Using data from the US National Vital Statistics System2 and the World Health Organization Mortality Database,3 we calculated death rates by age, sex, and cause for the United States and 12 high-income countries that had similar levels of development and quality of vital registration: Austria, Denmark, Finland, Germany, Italy, Japan, the Netherlands, Norway, Portugal, Spain, Sweden, and the United Kingdom. We used death rates to calculate life expectancy at birth for the United States and the comparison countries. We calculated the difference in life expectancy using death rates observed and after removing deaths from the 3 causes of injury.1The International Classification of Diseases, Tenth Revision, codes were used to capture the 3 injury causes, which included intentional and unintentional deaths and drug poisonings from illicit and nonillicit drugs. We used Stata (StataCorp), version 13.1, for all analyses.

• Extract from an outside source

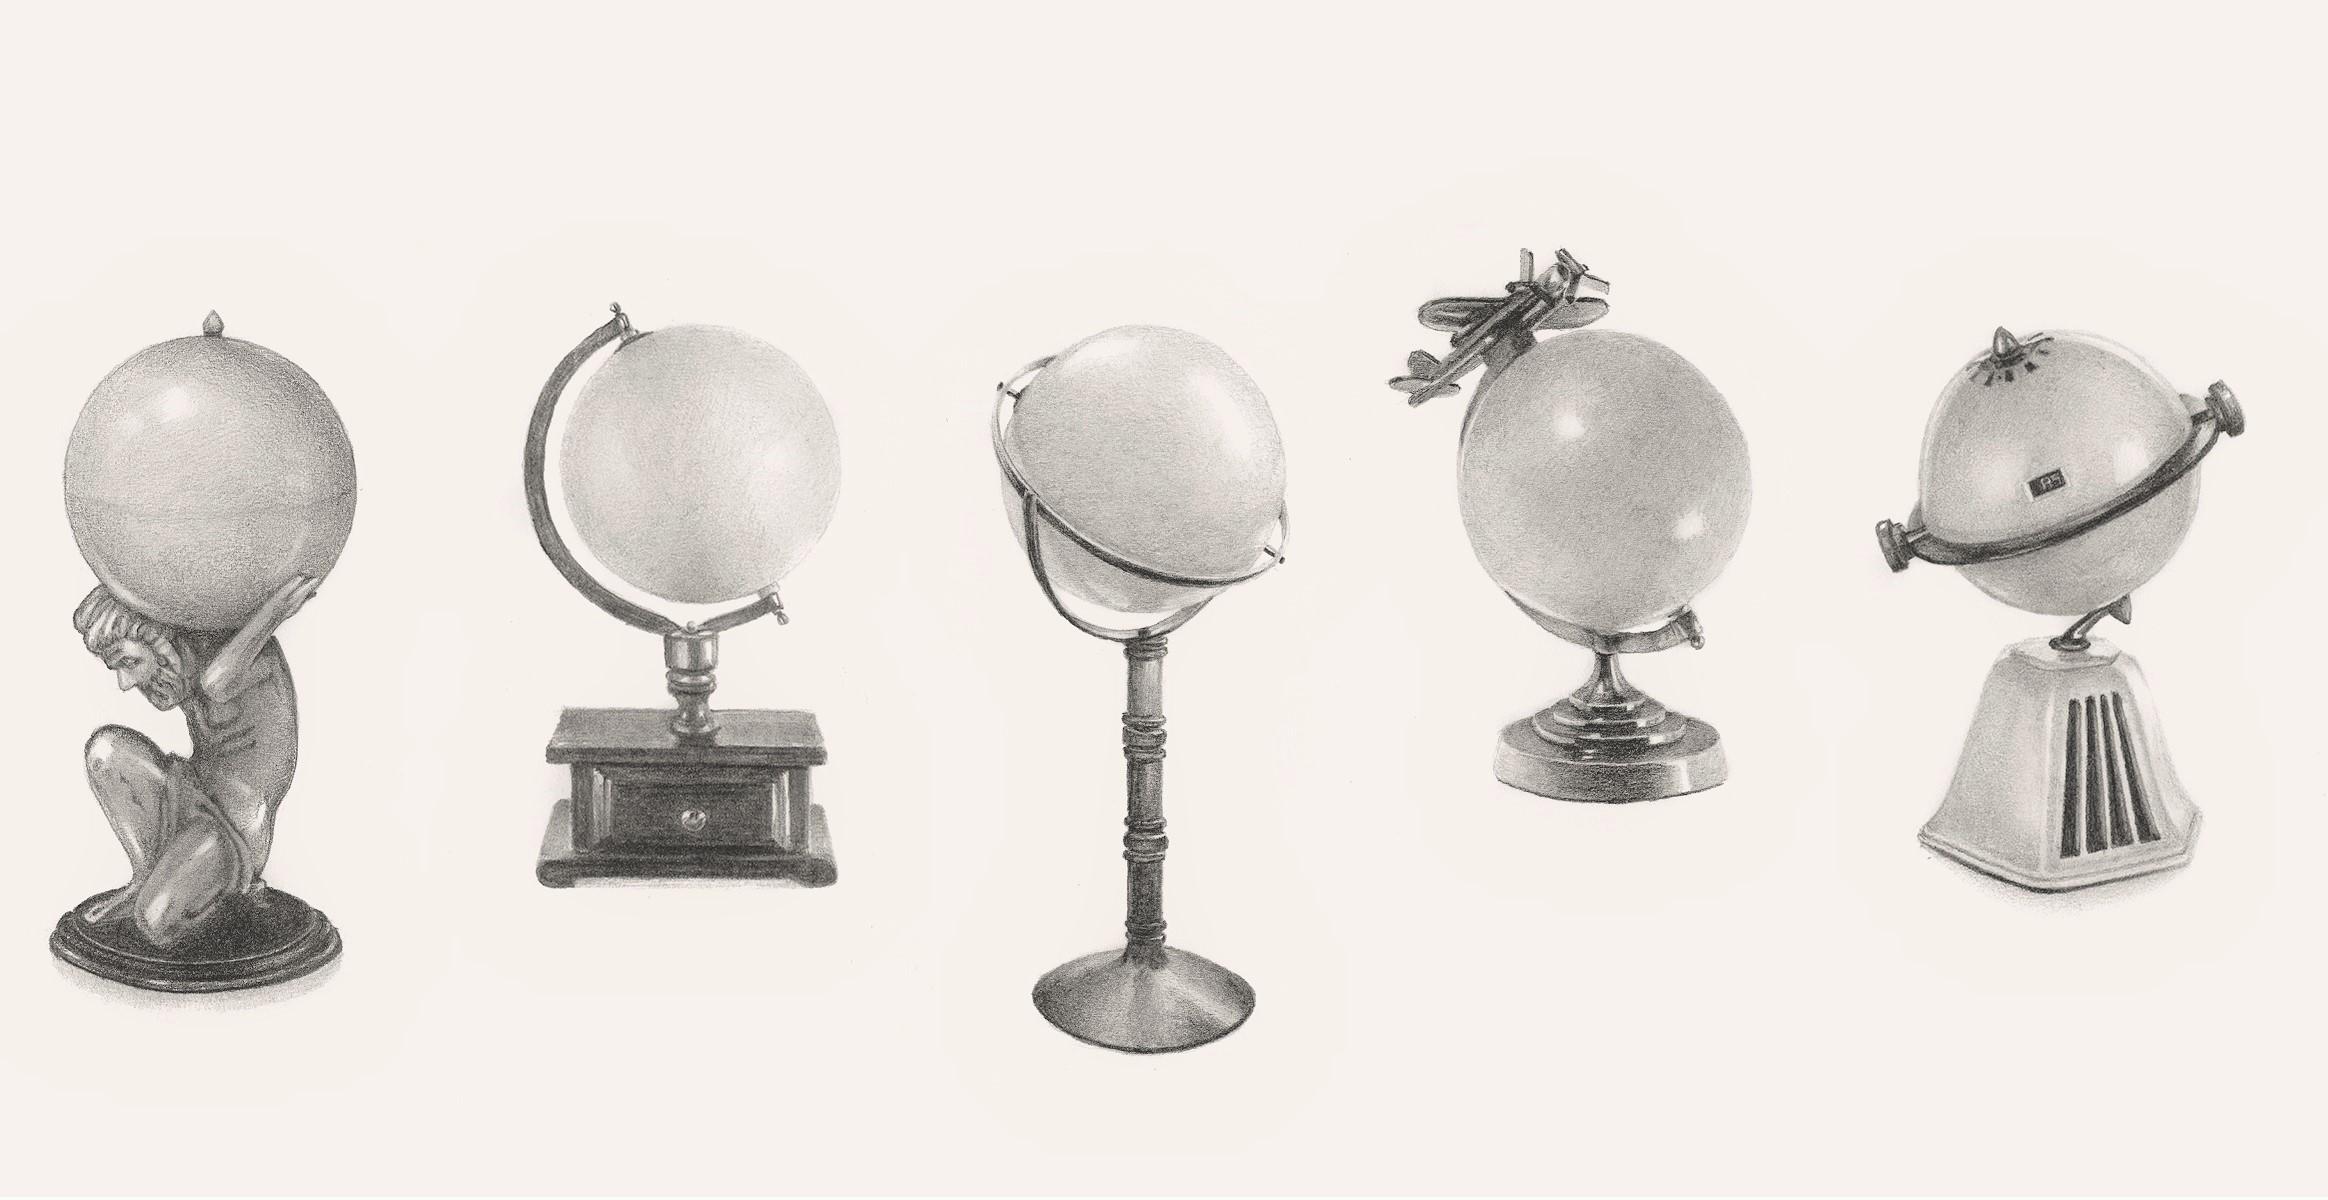 hondartza-fraga-365-globes-composite-2015

In 2012, the all-cause, age-adjusted death rate per 100 000 population was 865.1 among US men vs 772.0 among men in the comparison countries (Table 1), and 624.7 among US women and 494.3 among women in the comparison countries. Men in the comparison countries had a life expectancy advantage of 2.2 years over US men (78.6 years vs 76.4 years), as did women (83.4 years vs 81.2 years). The injury causes of death accounted for 48% (1.02 years) of the life expectancy gap among men. Firearm-related injuries accounted for 21% of the gap, drug poisonings 14%, and MVT crashes 13%. Among women, these causes accounted for 19% (0.42 years) of the gap, with 4% from firearm-related injuries, 9% from drug poisonings, and 6% from MVT crashes. The 3 injury causes accounted for 6% of deaths among US men and 3% among US women.